The monthly rationing of mobile data, which usually means turning off Google Maps and guessing your way to your next coffee for a week, is about as Canadian as hockey and being in denial about racism.
This is because Canada has some of the most expensive and restrictive data plans in the world, as has been documented again and again. Pair this regularly occurring frustration with the knowledge that the country's mobile industry is dominated by an oligarchy made up of three major providers—Bell Canada, Telus, and Rogers—and you've got yourself some angry hosers there b'ye.
Starting Monday, in an effort to mitigate "sticker shock" when the phone bill comes in, the Canadian Radio-television and Telecommunications Commission (CRTC) is reviewing its Wireless Code for providers. This code of conduct requires companies to give customers a copy of their contract, notify users when they've reached a certain amount of overage fees, ensure that providers unlock devices or provide folks with the means to do so, and more.
This review and accompanying public consultation is much-needed, because a "mystery shopper" experiment by a team of Canadian lawyers and submitted to the CRTC revealed that out of six providers (including the big three), almost none of them complied with the requirements set out in the Code.
What the Code doesn't cover, however, and what critics like Open Media told the CBC the CRTC should be focusing on, is the price of data in Canada in the first place.
"The most expensive mobile data countries are Canada, Belgium, Germany, Czech Republic and the Netherlands and—as a consequence—mobile users in these countries are using very little mobile data," a 2016 report by telecom research firm Tefficient stated. The providers in these countries, including Canada, also have the highest revenues per gigabyte of mobile data.

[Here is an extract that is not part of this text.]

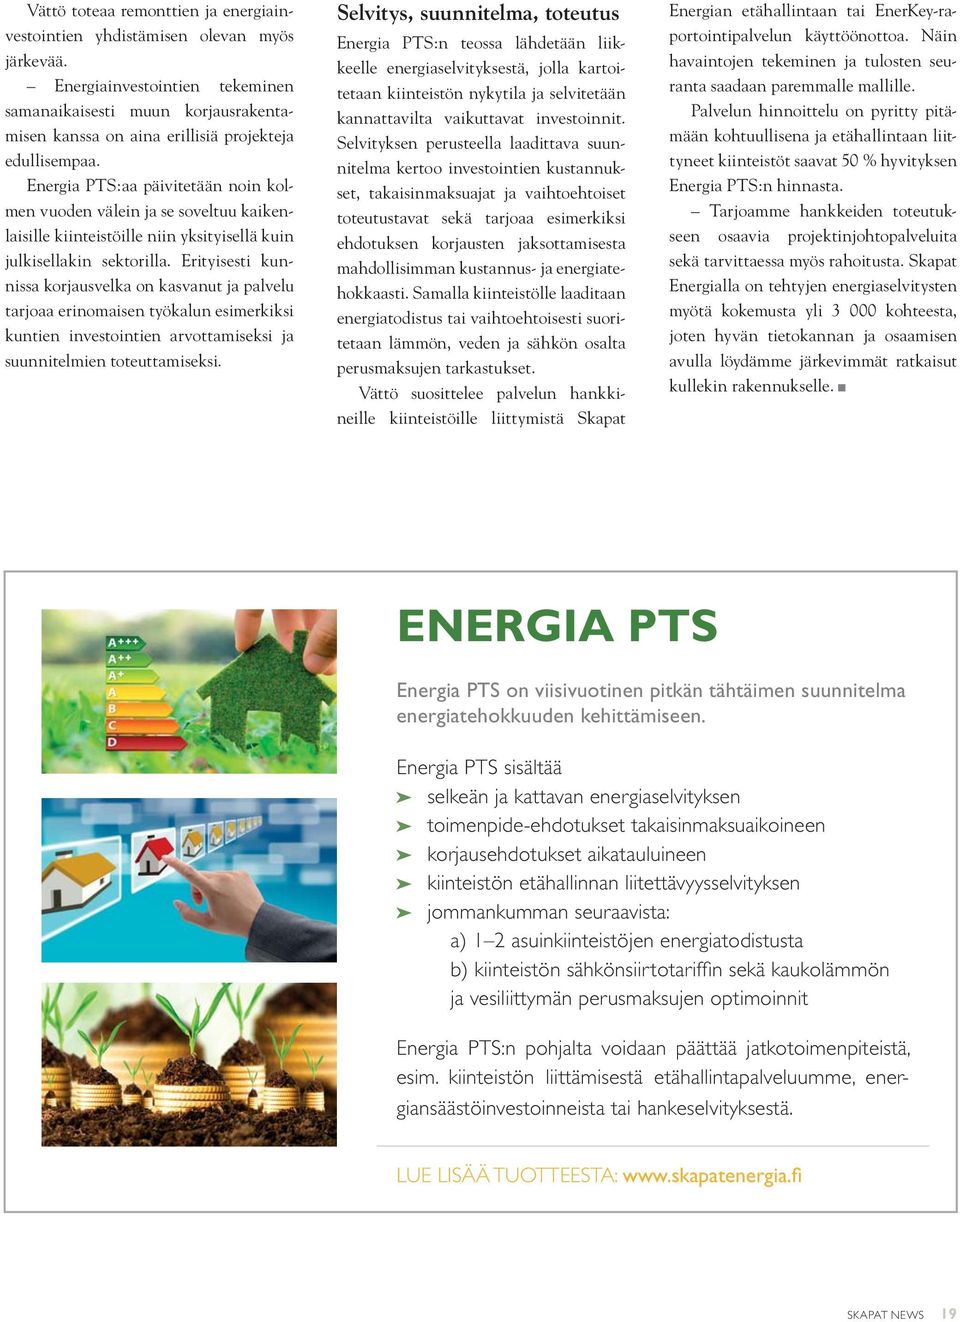 Energia PTS:aa päivitetään noin kolmen vuoden välein ja se soveltuu kaikenlaisille kiinteistöille niin yksityisellä kuin julkisellakin sektorilla.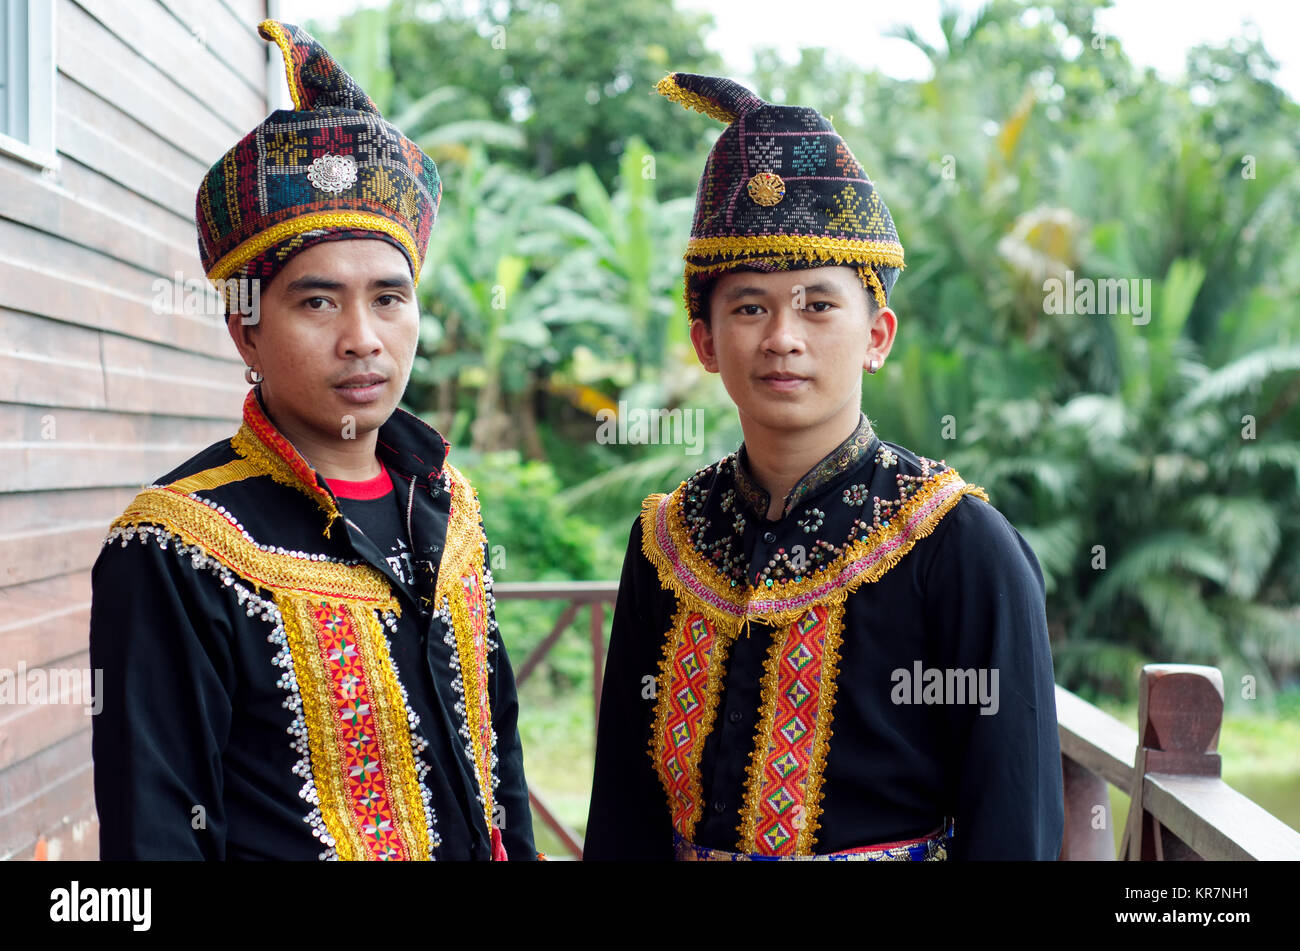 Junge Männer aus indigenen Bevölkerung von Sabah Borneo in Malaysia in traditioneller Kleidung während des Musik- und Tanzfestival. Stockfoto

Home internet prices here are some of the highest in the world, and citizens are famously unhappy with it. This has led some folks to try out creative solutions, like linking hardware together to form a local network. The CRTC has made strides in this area, however, mandating that large companies must share super-fast fiber infrastructure with smaller competitors and provide an unlimited data option for customers.
Despite progress in this area—and, it's worth noting, cable TV—mobile data has been unaddressed, leaving many Canadians to treat their monthly data allowance like the last can of caviar in a luxury fallout shelter. At the very least, the CRTC may decide to crack down on providers fulfilling even the basic requirements set out in the Code right now.